The rejected field can be obtained:

$\bar{X}>\frac{{{\sigma }^{2}}[(\lambda +1){{\theta }_{0}}-2\mu ]}{2n{{\upsilon }^{2}}}+\frac{{{\theta }_{0}}}{2}(\lambda +1)=1.1026$

If the condition $\bar{X}\le 1.1026$ is satisfied, the maintainability of the equipment is deemed to be acceptable by the user.Typically, five samples from the field data are compared with the rejection field to derive its average value.

Five samples:0.4, 0.5, 0.8, 0.6, 0.8.

The average of these five numbers:

$\bar{X}=(\ln 0.4+\ln 0.5+\ln 0.8+\ln 0.6+\ln 0.8)/5=-0.5132$

And

$\bar{X}<1.1026$

Therefore, the maintainability of the equipment is tested to meet the user’s requirements.If the method used in the national military standard is adopted, at least 30 field data are required.
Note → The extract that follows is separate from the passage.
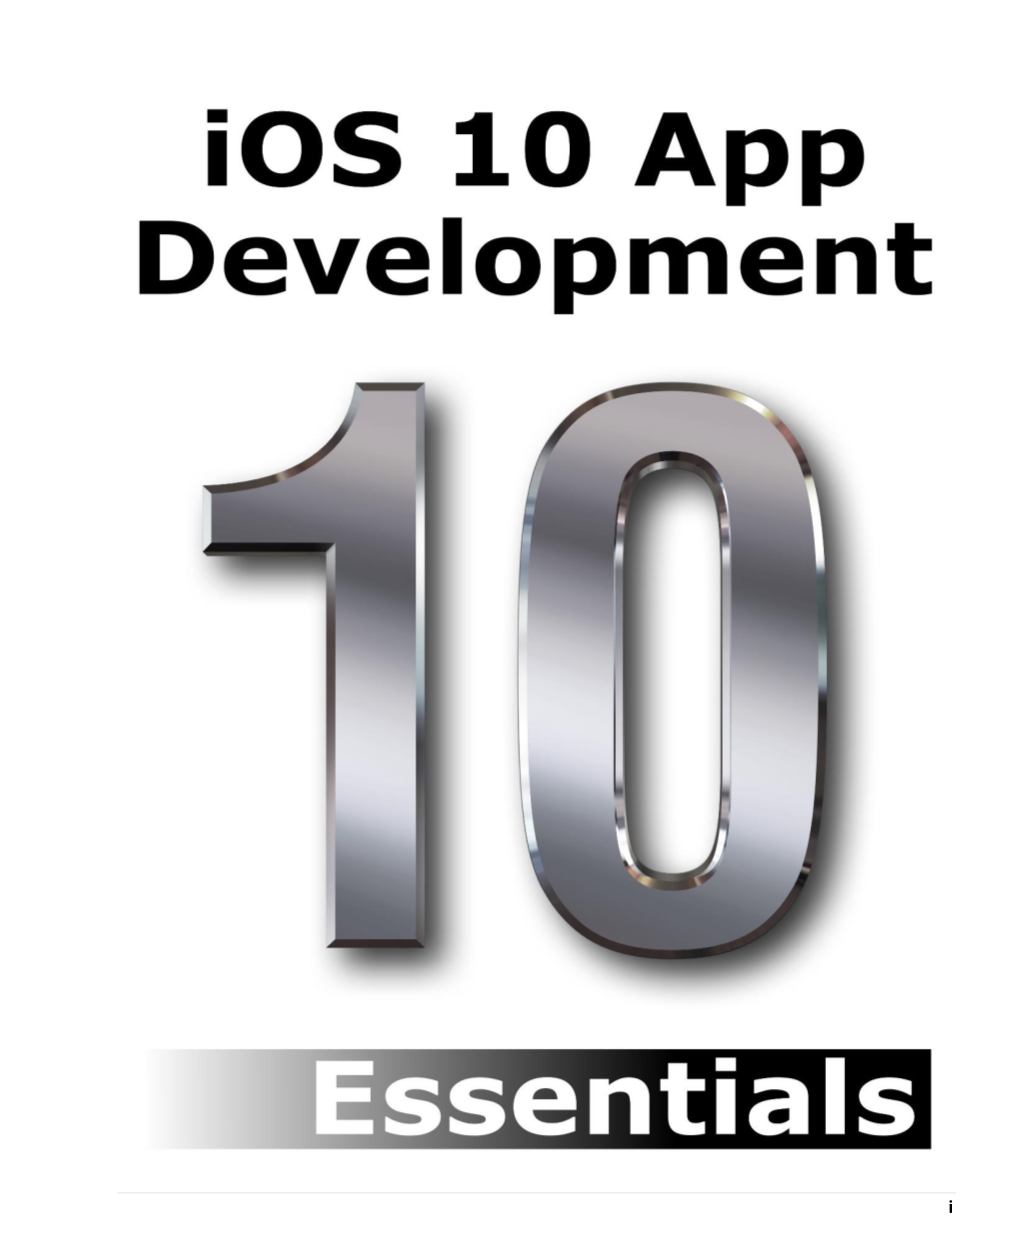 Ios 10 App Development Essentials

It can be seen that the sample size is greatly reduced by this method, and the superiority of the method is fully explained.

This paper analyses in detail the problems of existing assessment methods and proposes a small sample validation method based on Bayesian theory in view of the large sample size, inaccurate processing of test data, and missing data in existing assessment methods. The principle and steps of this method are mainly studied. Finally, specific examples are used to fully verify the method. Compared with the existing methods, the superiority of this method is proven. Under the condition of insufficient maintenance test data, it has important guiding significance for equipment maintainability evaluation.